The open society and its enemies

Ich habe Lust auf Doppel-Neues: Und nebst dem Kommentieren der Ausgaben der «Tagespost» muss es etwas völlig Anderes und möglichst Konträres sein. Und das ist Karl R.Poppers zweiteiliges Monumentalwerk wohl. Ich gestehe zunächst ein, dass ich mich bis vor kurzem nicht damit beschäftigt habe. Das hat mal damit zu tun, dass Popper in der philosophischen Abteilung der Luzerner Uni nicht der Rede wert war (da dominierten damals in den schönen 70er Jahren Fichte und Marx – Fichte bei Dominik Schmidig und Marx beim harten Logiker Arpad Horvath), aber auch mit der schlechthin lausigen Begründung, dass man(n) parallel zum Berufsleben als Seelsorger wenig Lust hatte, sich in zusätzliche, sprich ausser-theologische, seriöse Literatur zu stürzen (in der Zeit las ich dafür ja alle 70 Bücher von Stephen King… den ich übrigens im nächsten Blog rezensieren werde…).

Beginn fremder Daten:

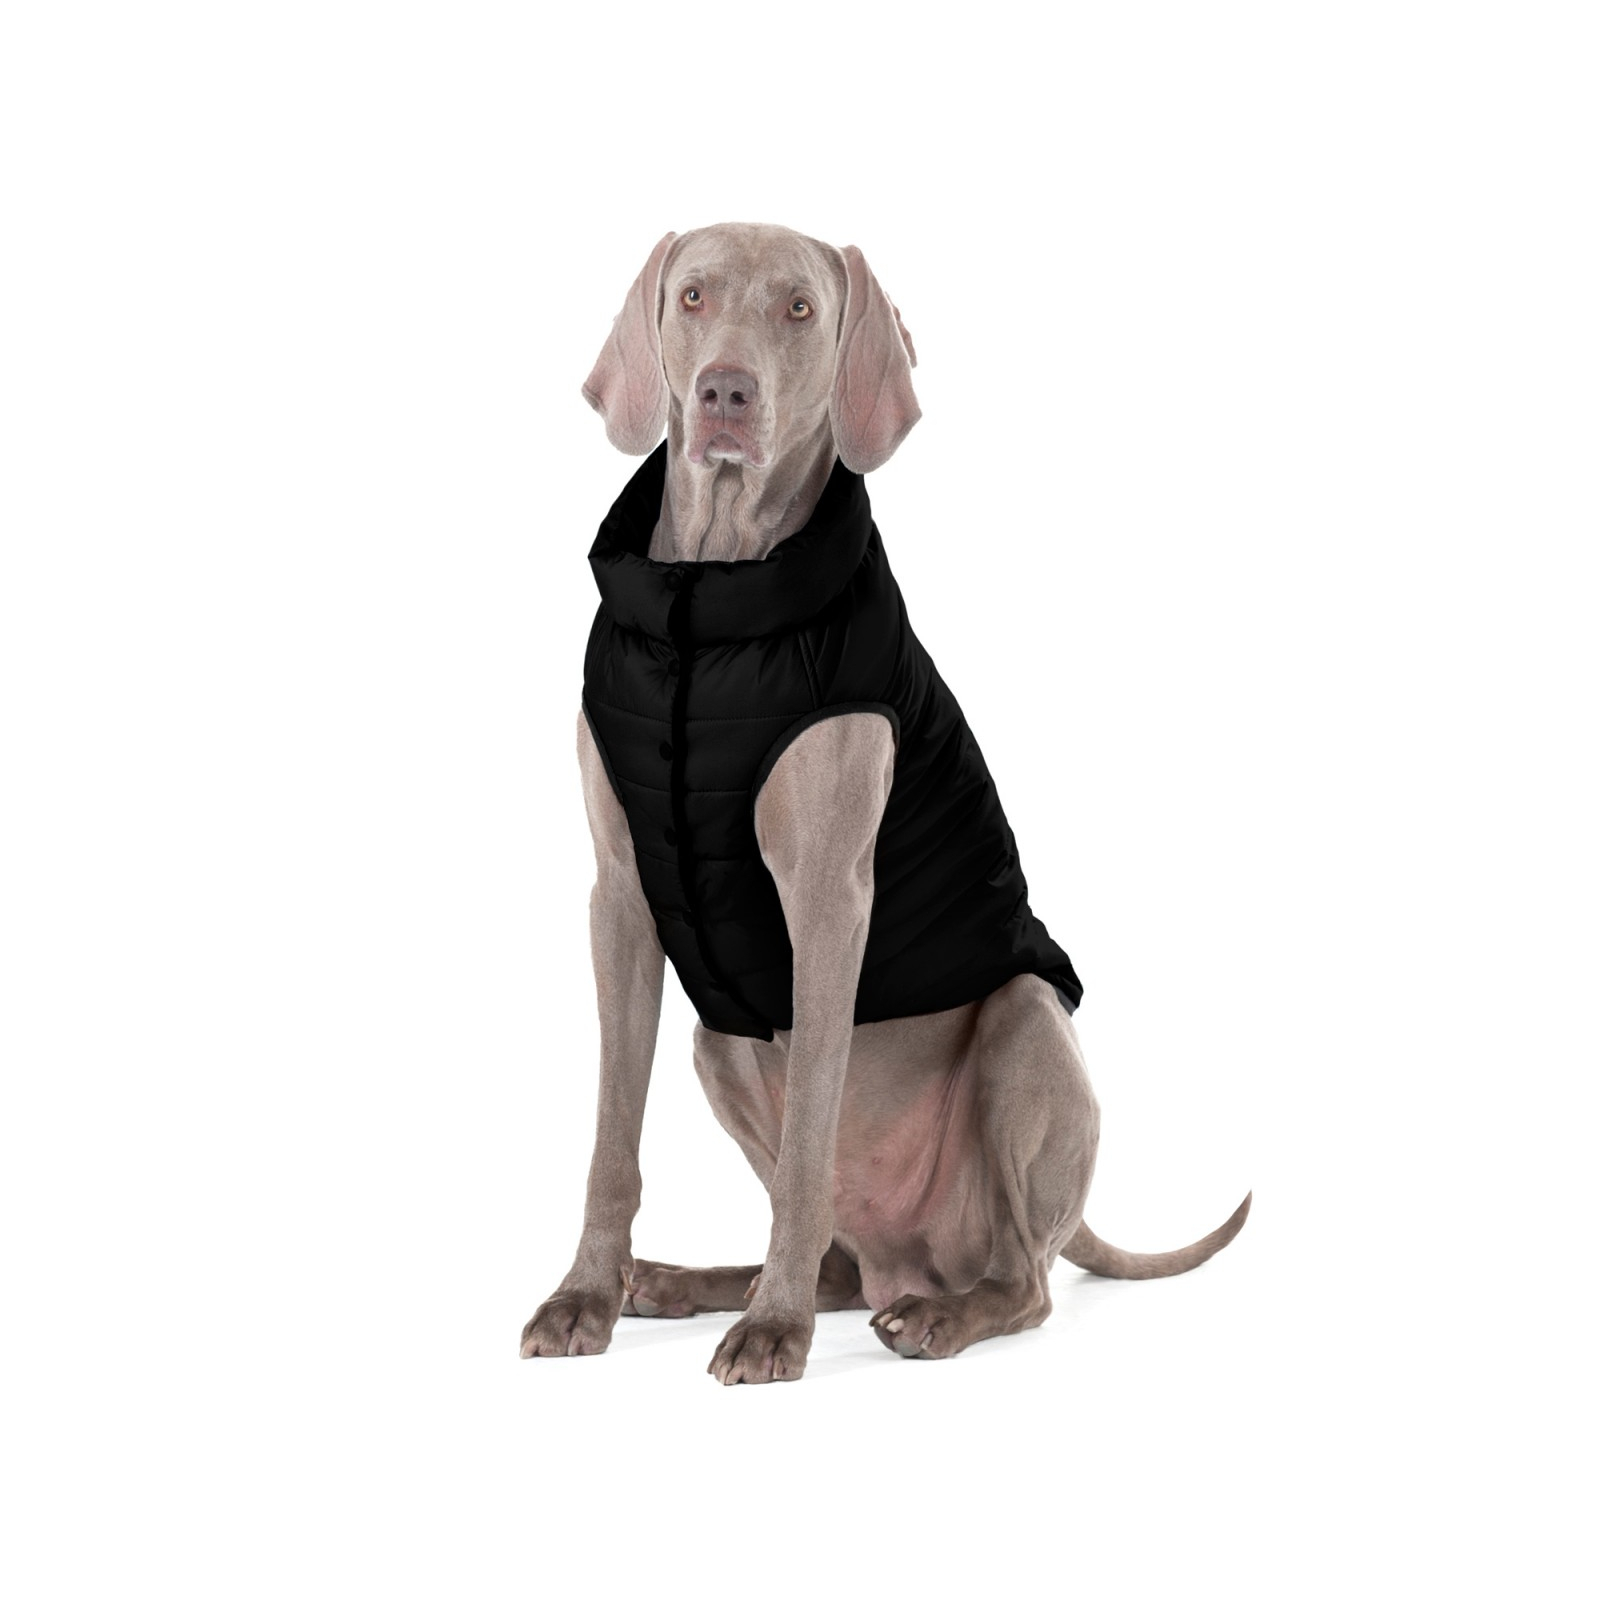 Курточка для животных Airy Vest One S 40 черная (20661) изображение 7

Nun und zu Beginn: Mit Popper steht es ähnlich wie mit Hanna Arendt. Aufgeschreckt durch die geistige Barbarei der NS-Zeit kam er zur gleichen Fragestellung, wie denn solches in der Menschheitsgeschichte überhaupt möglich sein konnte. Wie für Arendt ist auch für Popper Immanuel Kant der geistige Angelpunkt unseres Verstehens und ethischen Handelns, von ihm aus müssen Antworten gefunden werden können. Anders als Arendt, für die Adolf Eichmann mit seiner ganz konkreten Biographie und Persönlichkeit zu einer wichtigen Erklärung wurde, macht Karl Popper eine Reise weit zurück in die Philosophiegeschichte und versucht zu begreifen. Es gibt für ihn zum einen den kaum bestreitbaren Wert der modernen Demokratie mit ihrerer Respektierung der Freiheit und der Rechte des Individuums. Das nennt er «offene Gesellschaft», und die sieht er in vielfältiger Weise konkret von Links und Rechts bedroht. Er versucht darum, die «Feinde der offenen Gesellschaft» aufzuspüren, und nämlich nicht die plumpen Demagogen und Agitatoren der entsprechenden Parteien (Lega, Front National, AfD, FPÖ, SVP), sondern vielmehr die geistigen Väter solchen Denkens. Welche Philosophie macht es möglich, dass es in der Menschheitsgeschichte immer wieder zu solchen Rückschlägen, zu solchem Regress in die Barbarei, kommt? Und warum sind solche Ansätze so attraktiv? Weil der Mensch ursprünglich wie seine Vorfahren ein Hordenwesen war, das nichts so sehr liebte als klare Verhältnisse samt ihren Feindbildern, und damit auch dominante Führer und Chefs, die ihm das Denken und Entscheiden abnehmen.

Doch der Mensch hat sich weiterentwickelt. Die Unterwerfungsgesten unseres Hundes Miro passen zum Lebewesen canis lupus bzw. canis lupus familiaris, aber doch nicht zum homo (non semper!) sapiens. Popper ist nicht enttäuscht oder desillusioniert, aber er sieht die permanente Gefahr des Rückfalls in Tyrannei und Barbarei. Wenn nun nur Leute wie Orban, Salvini und Trump dahinterstecken würden, wäre es noch mittel harmlos. Aber es stecken grosse geistige Väter hinter der Versuchung zu solchem Denken. Und mit denen legt sich Popper an: Mit Platon, mit Hegel, mit Marx.

Das macht Spass! Und über den Fortgang der Forschung werde ich hier weiter berichten.